Once again, the energy of the electron can only take certain values; energy is quantized. This happens because only certain wave functions satisfy the Schroedinger equation and all boundary conditions, and these Eigenfunctions each have their own energy Eigenvalues. The great thing for fans of quantum physics is that the spacing of these energies that Schrodinger first derived corresponded exactly to the energy levels deduced by observing emission spectra of hydrogen!
The different wave function solutions take the place of the different electron orbits in the old Rutherford-Bohr model of the hydrogen atom. In many ways, though, they play the same roles. A photon coming in with just the right energy can promote an electron from one of the standing waves to a different one with a higher energy. If an electron is already in a higher energy state, it can emit a photon and make the transition to a lower energy state. The energy of the emitted photon is then exactly equal to the difference between the energies of the two electron states.
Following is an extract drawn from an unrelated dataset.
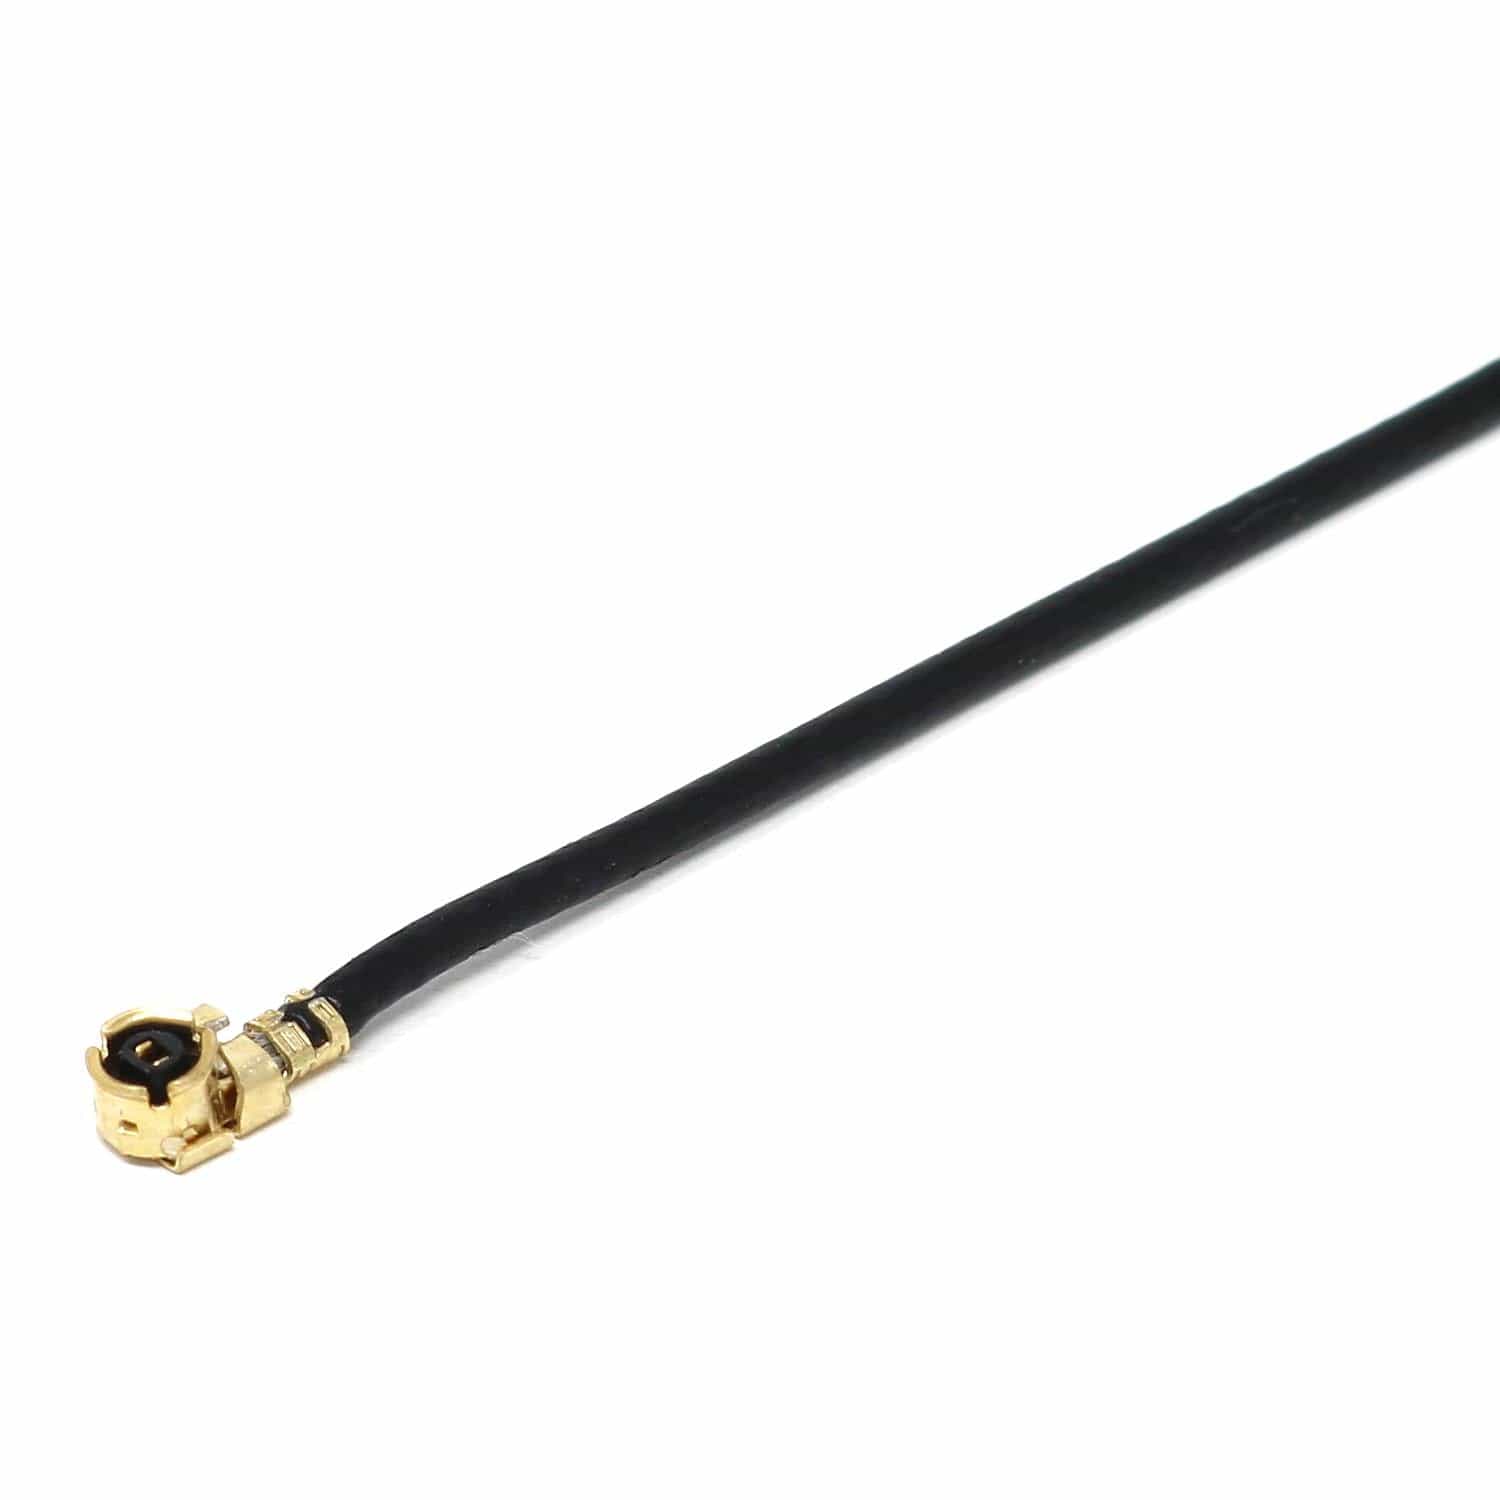 LoRa Antenna with Pigtail - 915MHz Black - The Pi Hut

Quantum mechanics gives us an entirely new way of visualizing the atom. Rather than the old picture of electrons whizzing around in circular orbits, we can think about the electron jumping from one resonance to another as photons are absorbed or emitted, like notes being plucked on a cello string or bellowing from a pipe organ.
The old models weren’t so far off on the topic of angular momentum, either. If you recall from the previous generation of quantum physicists postulated that quantization of angular momentum was somehow responsible for the different electron states. Sure enough, the different solutions to the Schroedinger equation have quantized values of angular momentum as well as energy. And higher values of angular momentum tend to go with higher energy levels.
Since the solutions to Schroedinger’s equation are standing waves, the distribution of electron probability does not change in time. It is therefore a little puzzling to imagine how these states have any angular momentum at all. But the quantum math says they do Instead of orbits, we now prefer to call these electron states “orbitals.”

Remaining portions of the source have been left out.